![JohnSnowLabs](https://sparknlp.org/assets/images/logo.png)

[![Open In Colab](https://colab.research.google.com/assets/colab-badge.svg)](https://colab.research.google.com/github/JohnSnowLabs/spark-nlp/blob/master/examples/python/transformers/onnx/HuggingFace_ONNX_in_Spark_NLP_BGE.ipynb)

# Import ONNX BGE models from HuggingFace 🤗 into Spark NLP 🚀

Let's keep in mind a few things before we start 😊

- ONNX support for this annotator was introduced in  `Spark NLP 5.2.1`, enabling high performance inference for models. Please make sure you have upgraded to the latest Spark NLP release.
- You can import models for BGE from HuggingFace and they have to be in `Sentence Similarity` category. Meaning, you cannot use BGE models trained/fine-tuned on a specific task such as token/sequence classification.

## Export and Save HuggingFace model

- Let's install `transformers` package with the `onnx` extension and it's dependencies. You don't need `onnx` to be installed for Spark NLP, however, we need it to load and save models from HuggingFace.
- We lock `transformers` on version `4.51.3`. This doesn't mean it won't work with the future releases, but we wanted you to know which versions have been tested successfully.

In [None]:
!pip install -q transformers[onnx]==4.51.3 optimum onnx

- HuggingFace has an extension called Optimum which offers specialized model inference, including ONNX. We can use this to import and export ONNX models with `from_pretrained` and `save_pretrained`.
- We'll use [BAAI/bge-base-en](https://huggingface.co/BAAI/bge-base-en) model from HuggingFace as an example and load it as a `ORTModelForFeatureExtraction`, representing an ONNX model.
- In addition to the BGE model, we also need to save the Tokenizer. This is the same for every model, these are assets (saved in `/assets`) needed for tokenization inside Spark NLP.


In [8]:
from transformers import AutoTokenizer
from optimum.onnxruntime import ORTModelForFeatureExtraction

MODEL_NAME = "BAAI/bge-base-en"
EXPORT_PATH = f"onnx_models/{MODEL_NAME}"

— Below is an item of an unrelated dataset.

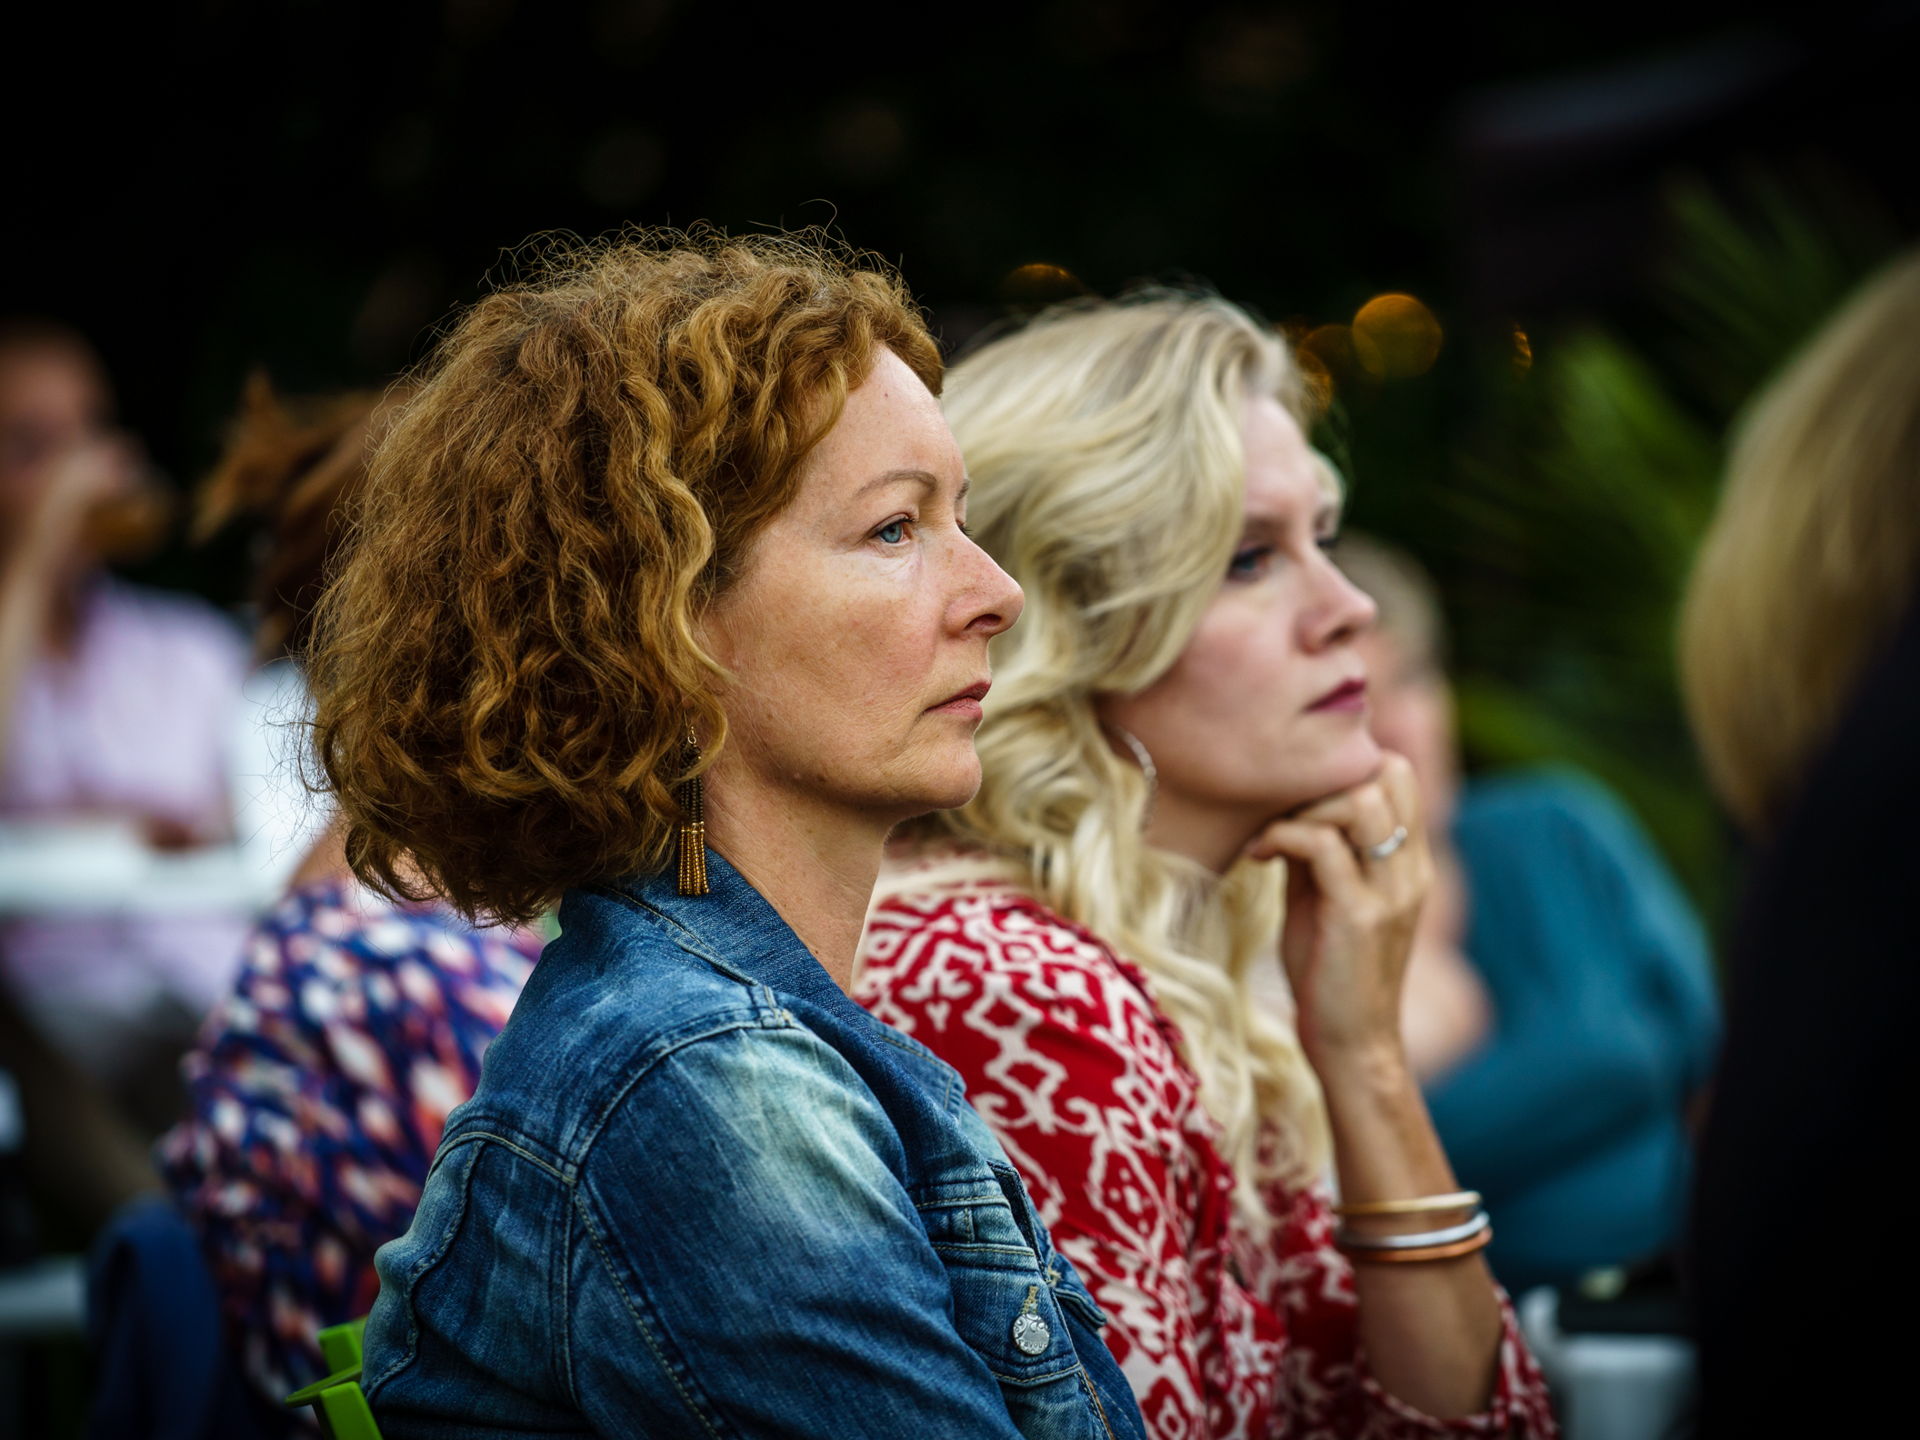 Photo Anya fotografeerde bij het tuinconcert van Frank Boeijen op 17 juli 2021 in Hoogeveen

ort_model = ORTModelForFeatureExtraction.from_pretrained(MODEL_NAME, export=True)
ort_model.save_pretrained(EXPORT_PATH)

tokenizer = AutoTokenizer.from_pretrained(MODEL_NAME)
tokenizer.save_pretrained(EXPORT_PATH)

The model BAAI/bge-base-en was already converted to ONNX but got `export=True`, the model will be converted to ONNX once again. Don't forget to save the resulting model with `.save_pretrained()`


('onnx_models/BAAI/bge-base-en/tokenizer_config.json',
 'onnx_models/BAAI/bge-base-en/special_tokens_map.json',
 'onnx_models/BAAI/bge-base-en/vocab.txt',
 'onnx_models/BAAI/bge-base-en/added_tokens.json',
 'onnx_models/BAAI/bge-base-en/tokenizer.json')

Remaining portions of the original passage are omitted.